Optical and Electrical Modeling of Dye Sensitized Solar Cell: Influence of the Overlap Distance Between TiO 2 Particles

Dye sensitized solar cells (DSSC) are used for photovoltaic applications. The paper presents a methodology for optical and electrical modeling of dye-sensitized solar cells (DSSCs). In order to take into account the influence of the overlap distance between two TiO 2 particles on the cell an optoelectronic model for DSSC is presented in this paper. From the radiative transfer equation and Mie theory, the optical generation rate of cell is deduced. Coupling the output of the optical model (the dye absorption rate) to an electrical model allows determination of short-circuit current density and maximum power output. Due to our model, the dependence effects of the overlap distance upon the porosity, the optical generation rate, the short circuit current density and the maximum power output are evidenced.

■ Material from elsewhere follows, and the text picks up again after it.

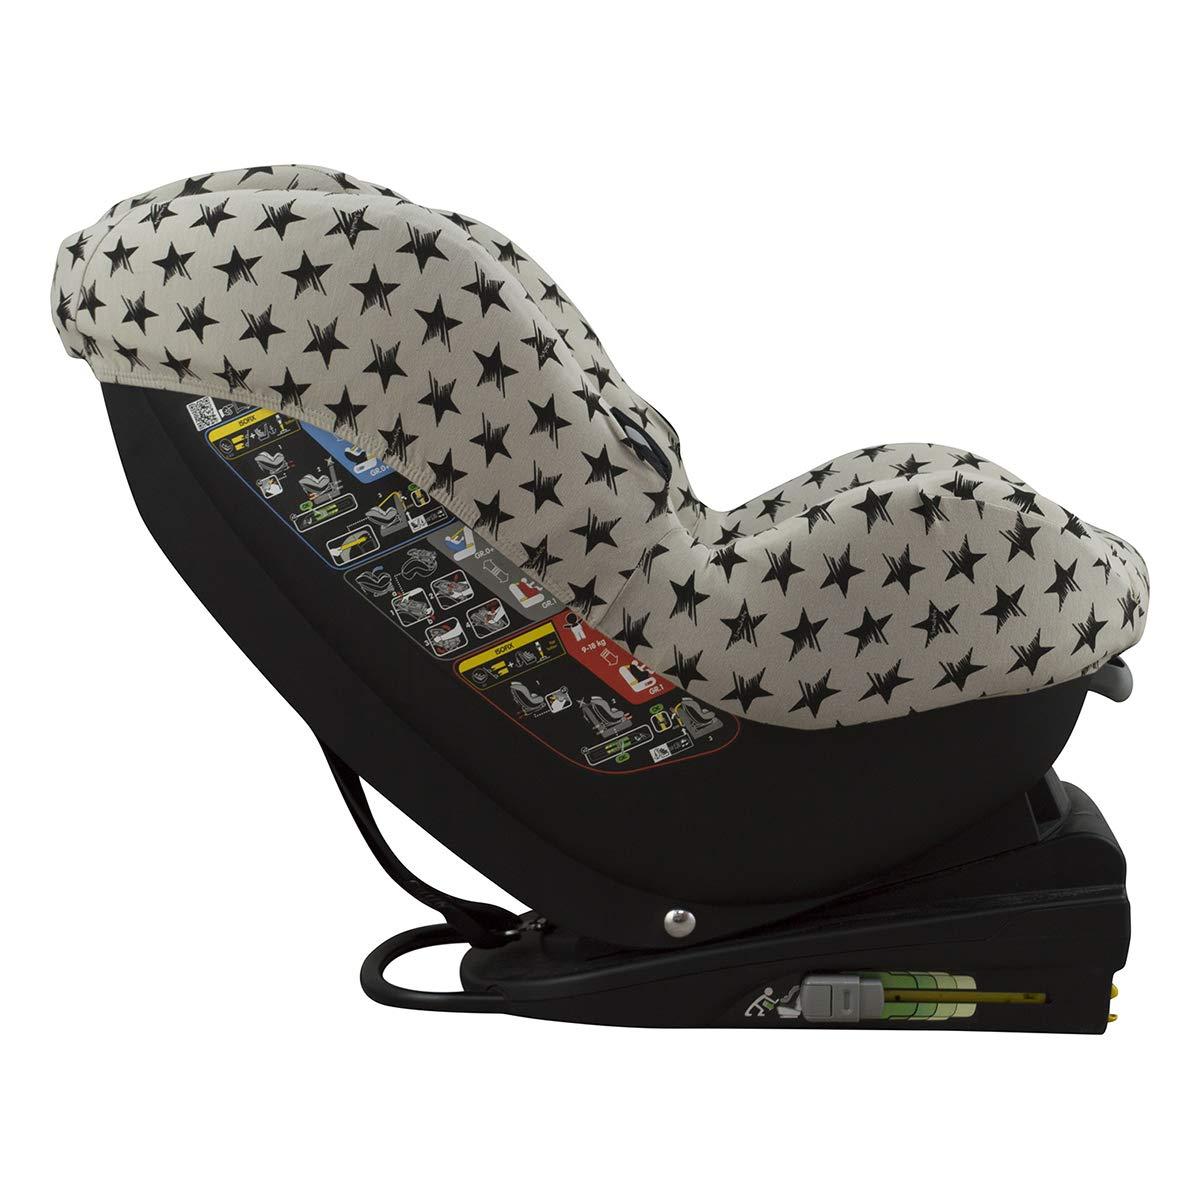 Amazon.com: Janabebé - Funda para Maxi COSI Milofix: Baby

Thus, we see that when the overlap distance increases the porosity decreases. In addition, when the overlap distance increases, the absorption rate decreases when the overlap distance is greater than TiO 2 radius divide by 5. Moreover, we see that when the overlap distance is lower than the TiO 2 radius divided by 5, the short circuit current density and the maximum power output increase. However, when the overlap distance is higher than TiO 2 radius divided by 5 they decrease. Thus, according to the model, we see that the optimal overlap distance is equal to TiO 2 radius divide by 5. Our results agree with those found in the literature.